Brief: Look below for the line with "Inurans thailand"; begin the copy there and stop after the line with "The Copper Ridge Model - Home Plan Design", keeping the text exact and the pictures out.

Records to process:
Content starts

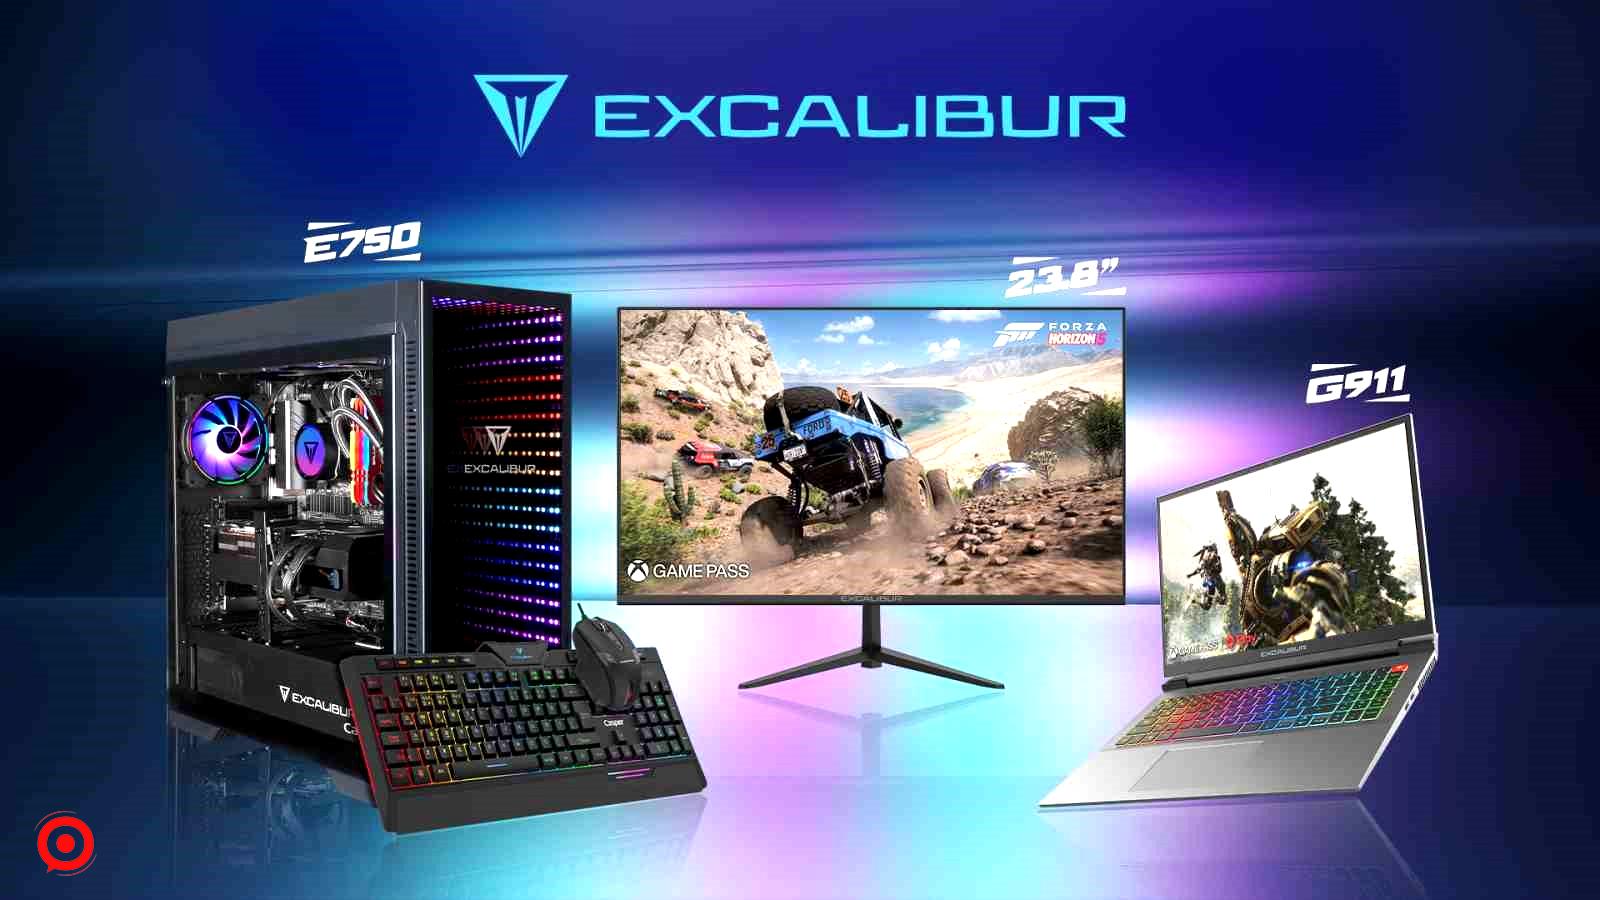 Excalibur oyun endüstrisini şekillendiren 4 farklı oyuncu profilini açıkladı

Content ends
Content starts

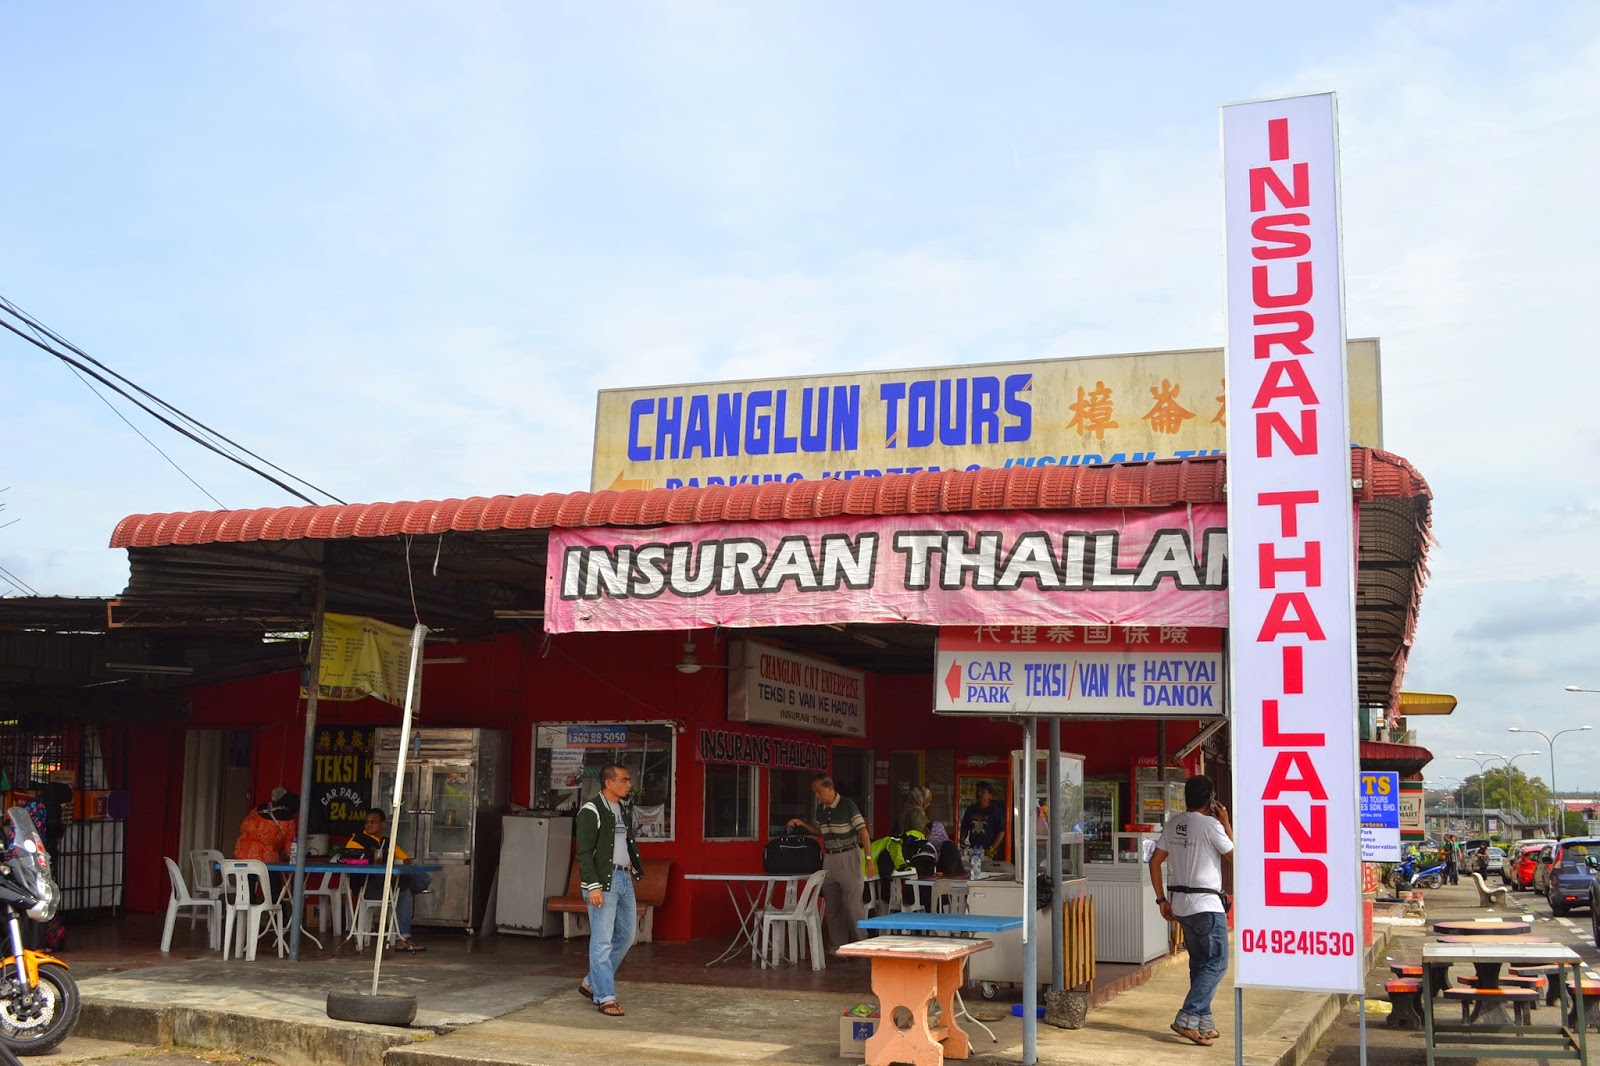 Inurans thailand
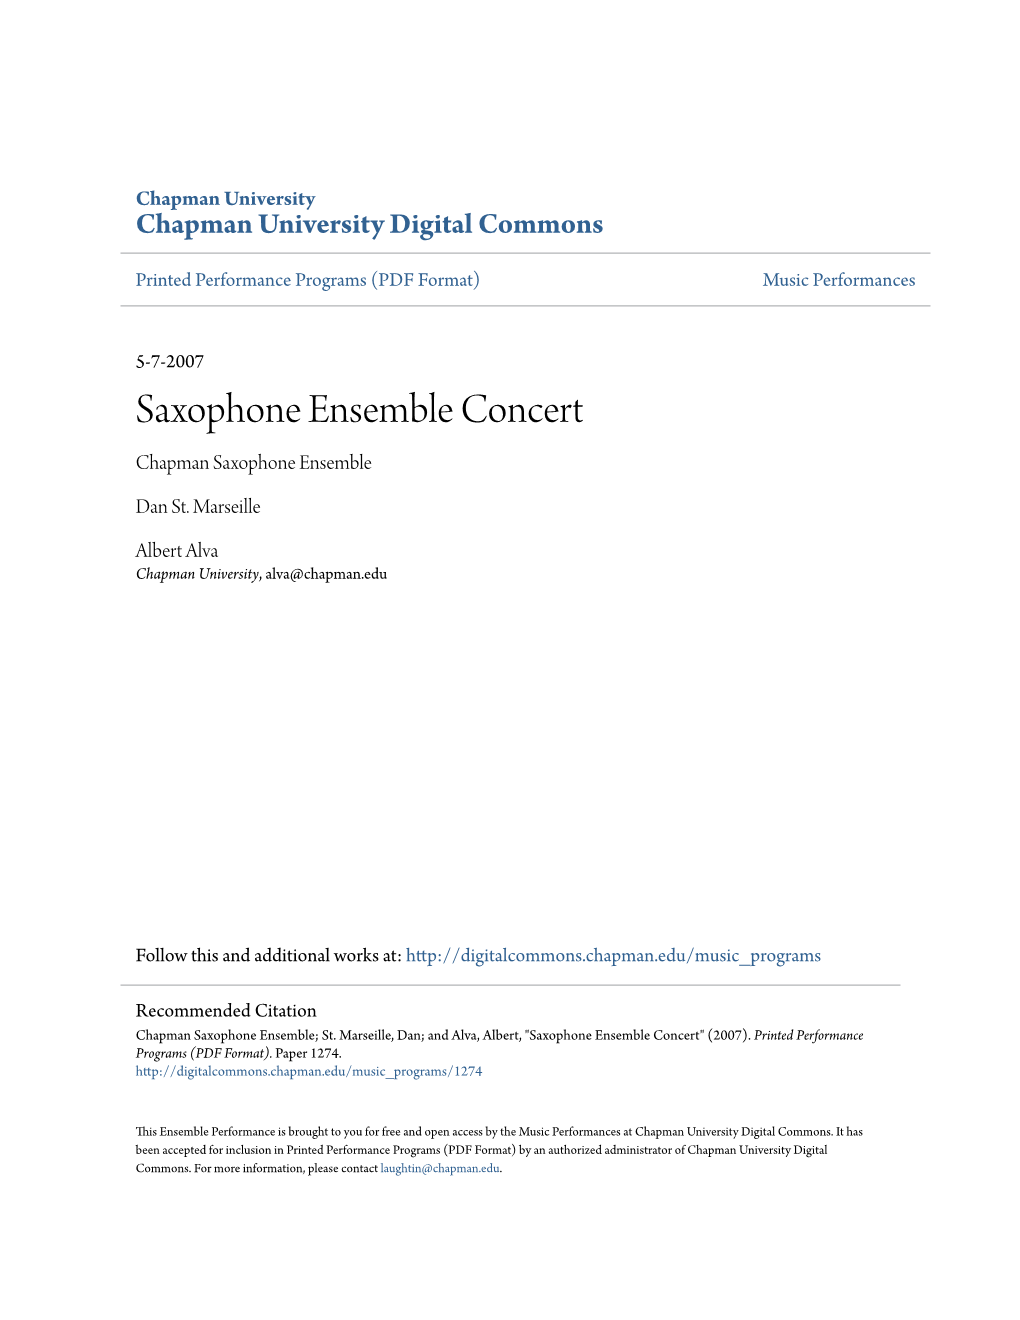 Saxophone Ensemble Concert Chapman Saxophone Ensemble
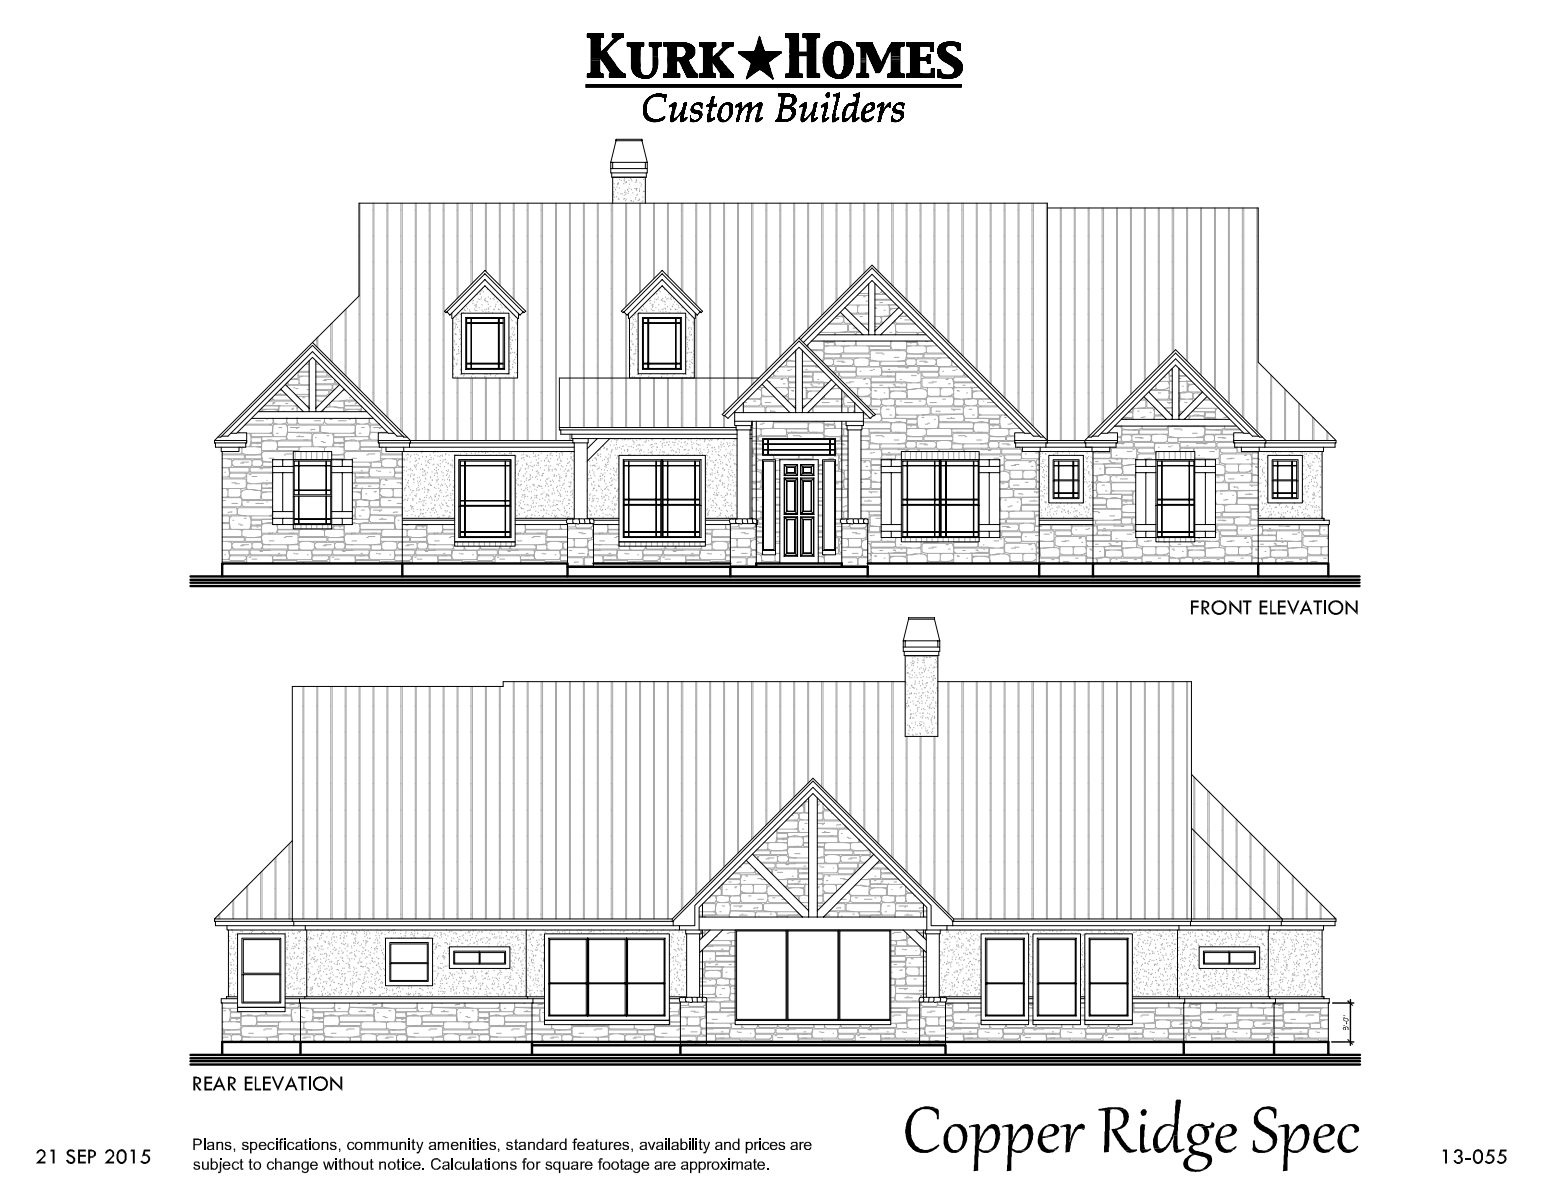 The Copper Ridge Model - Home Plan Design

Content ends

Response to this task:
 Inurans thailand
 Saxophone Ensemble Concert Chapman Saxophone Ensemble
 The Copper Ridge Model - Home Plan Design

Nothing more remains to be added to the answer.